DATA BLOCK ->
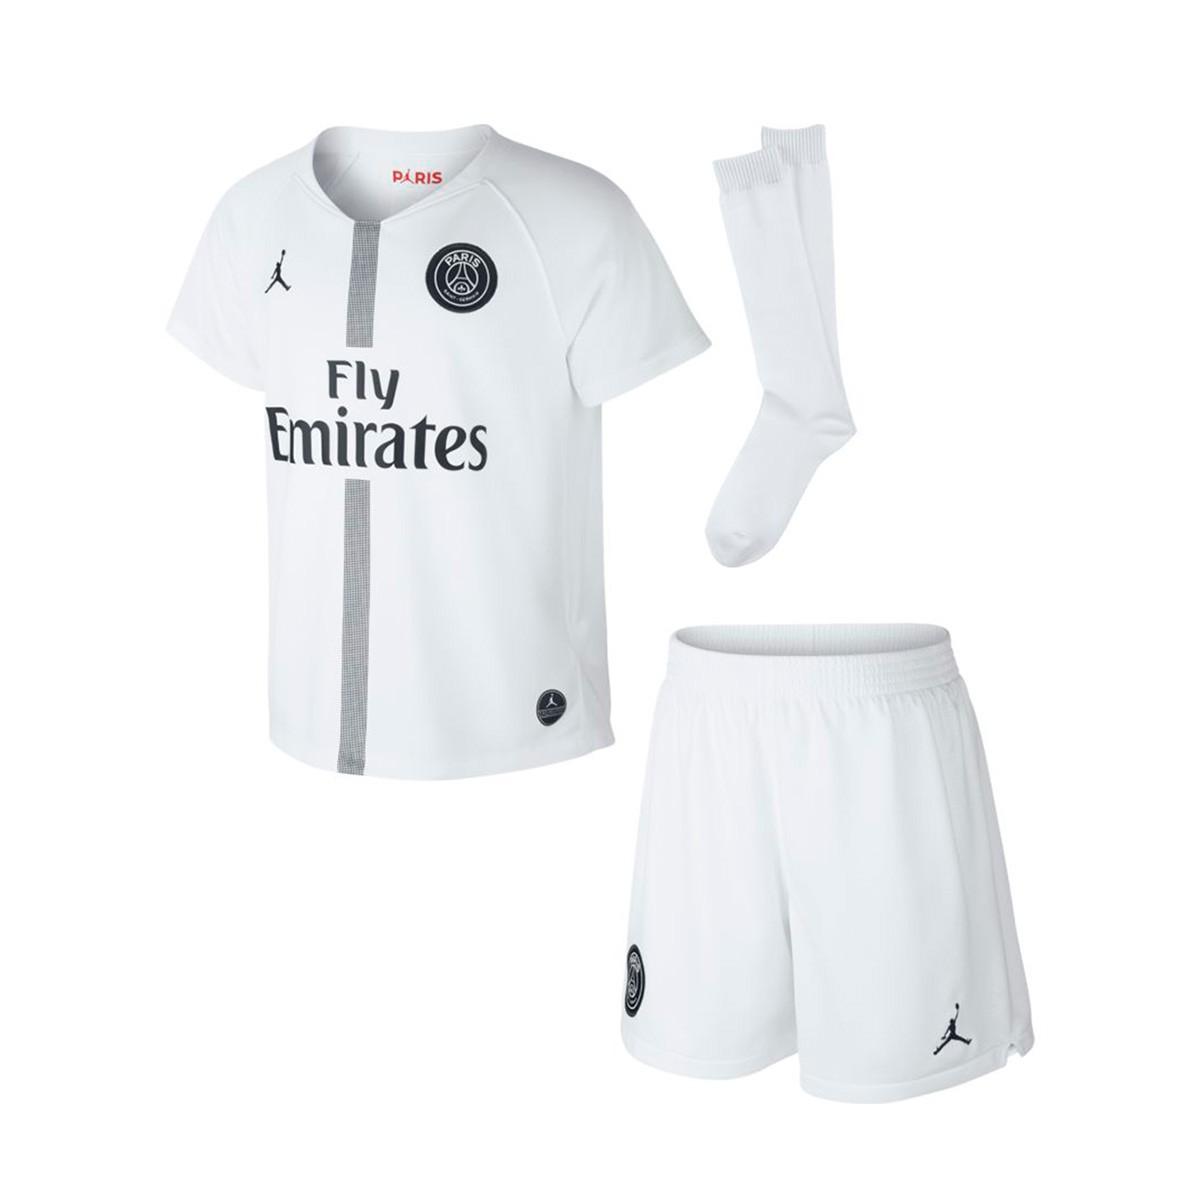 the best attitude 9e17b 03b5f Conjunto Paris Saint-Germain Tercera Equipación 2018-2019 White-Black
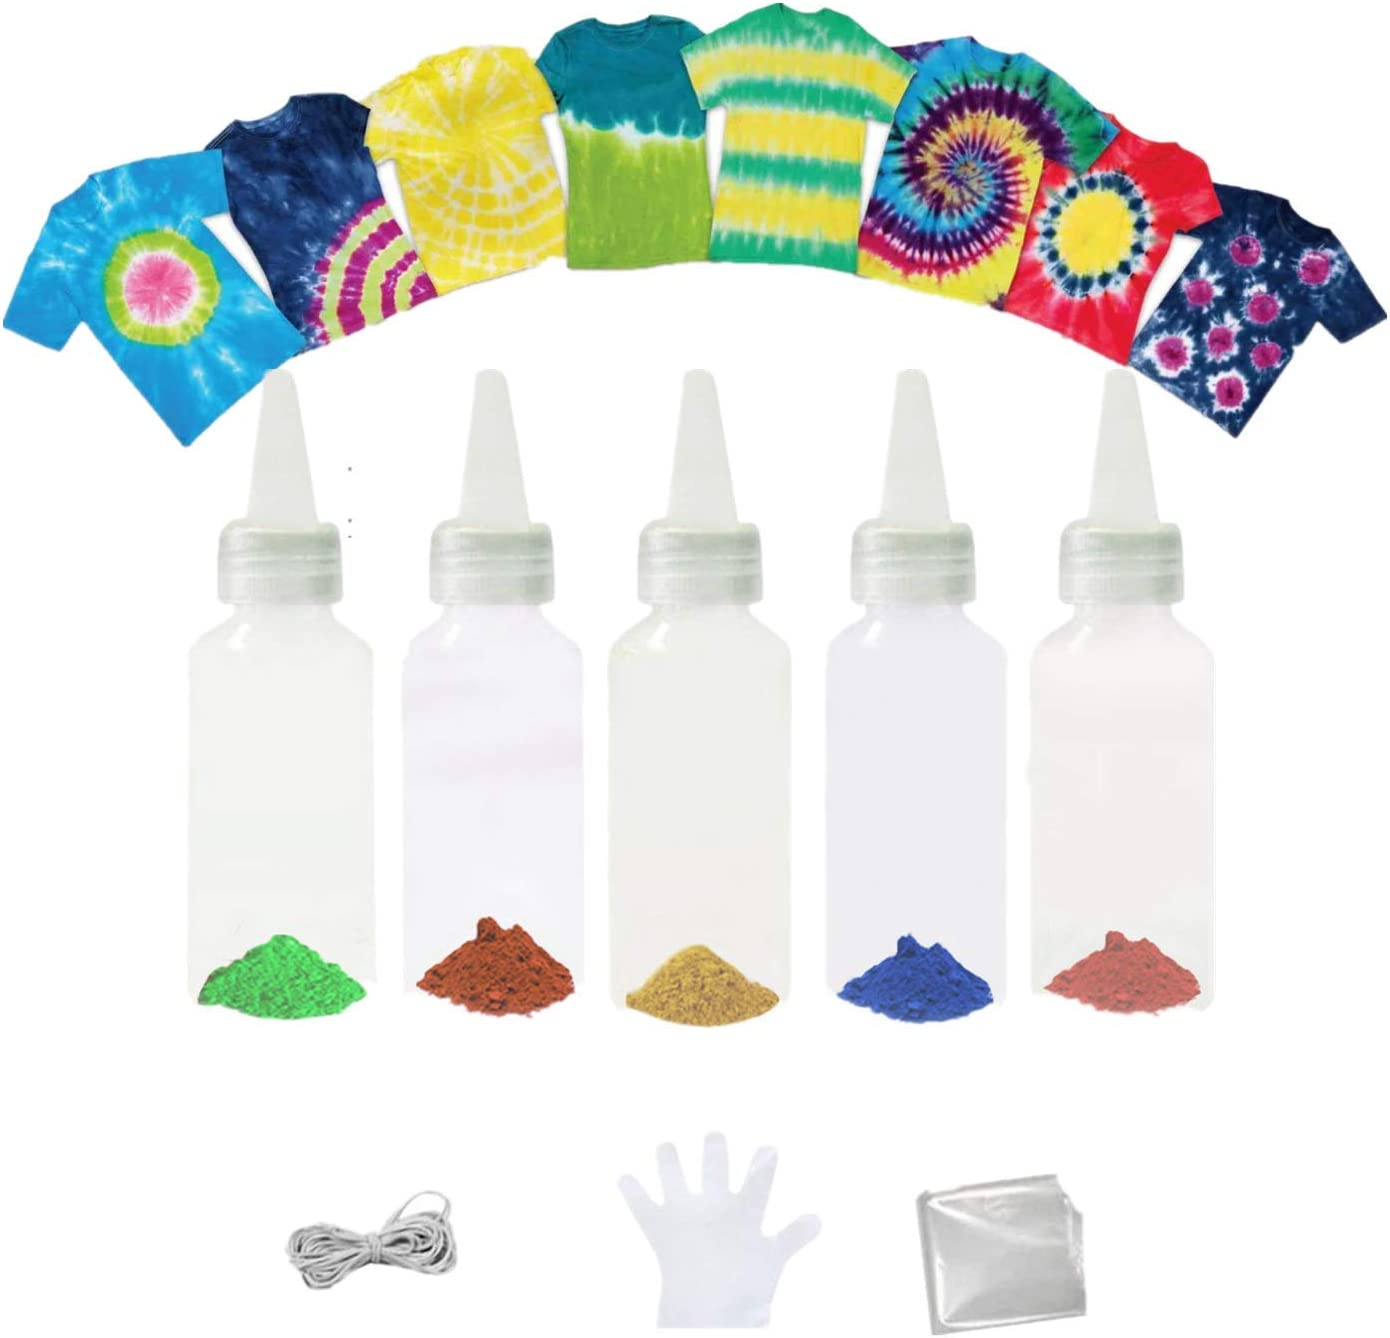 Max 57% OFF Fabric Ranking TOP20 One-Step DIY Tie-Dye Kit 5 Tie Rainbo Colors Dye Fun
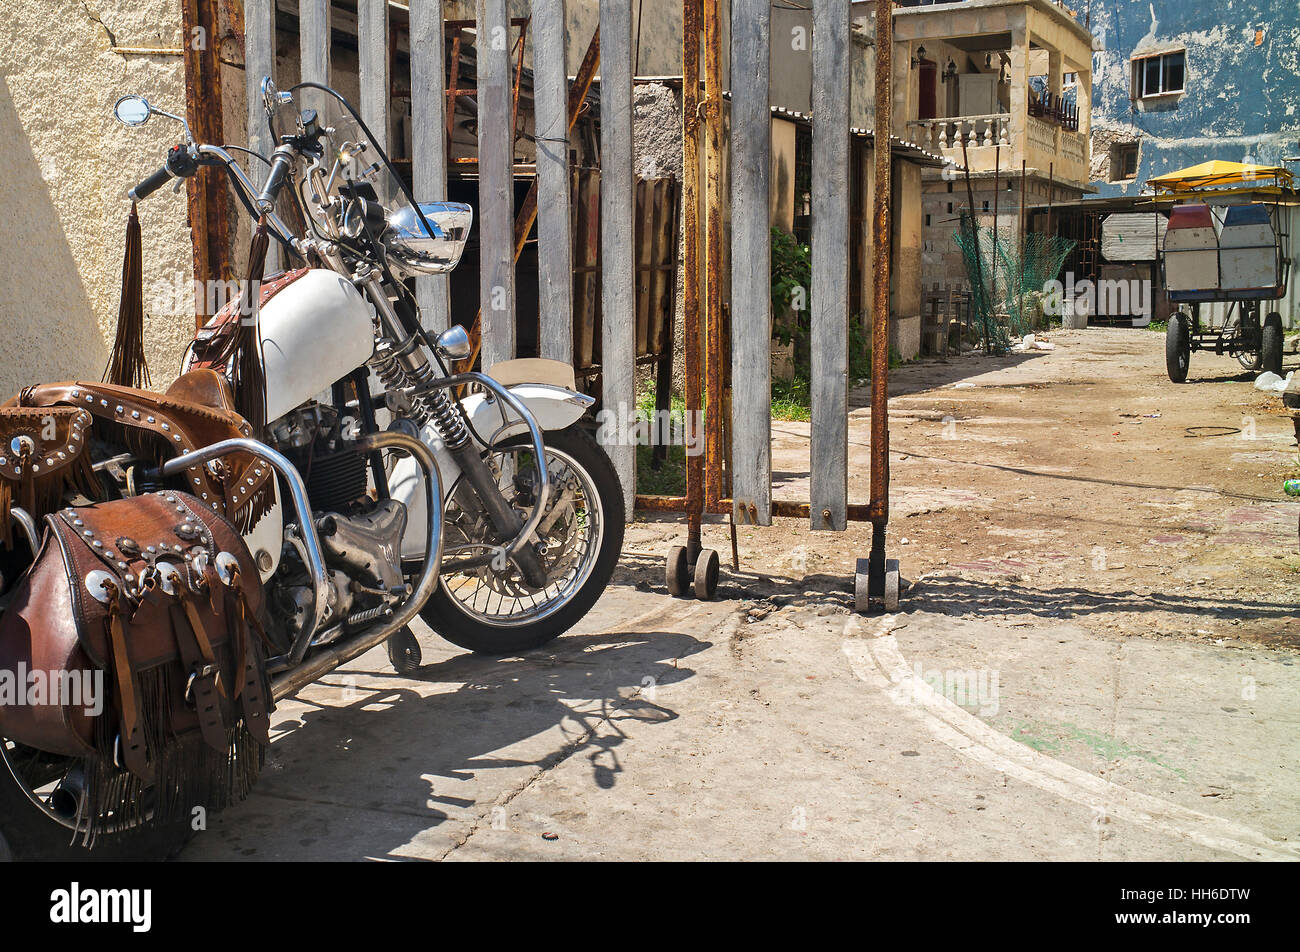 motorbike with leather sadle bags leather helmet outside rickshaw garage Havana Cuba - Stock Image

EXERCISE AIM ->
Quote exactly the lines from the one that contains "Max 57% OFF" through the end of the listing above, both ends included, leaving out the pictures.

COMPLETED TASK ->
 Max 57% OFF Fabric Ranking TOP20 One-Step DIY Tie-Dye Kit 5 Tie Rainbo Colors Dye Fun
 motorbike with leather sadle bags leather helmet outside rickshaw garage Havana Cuba - Stock Image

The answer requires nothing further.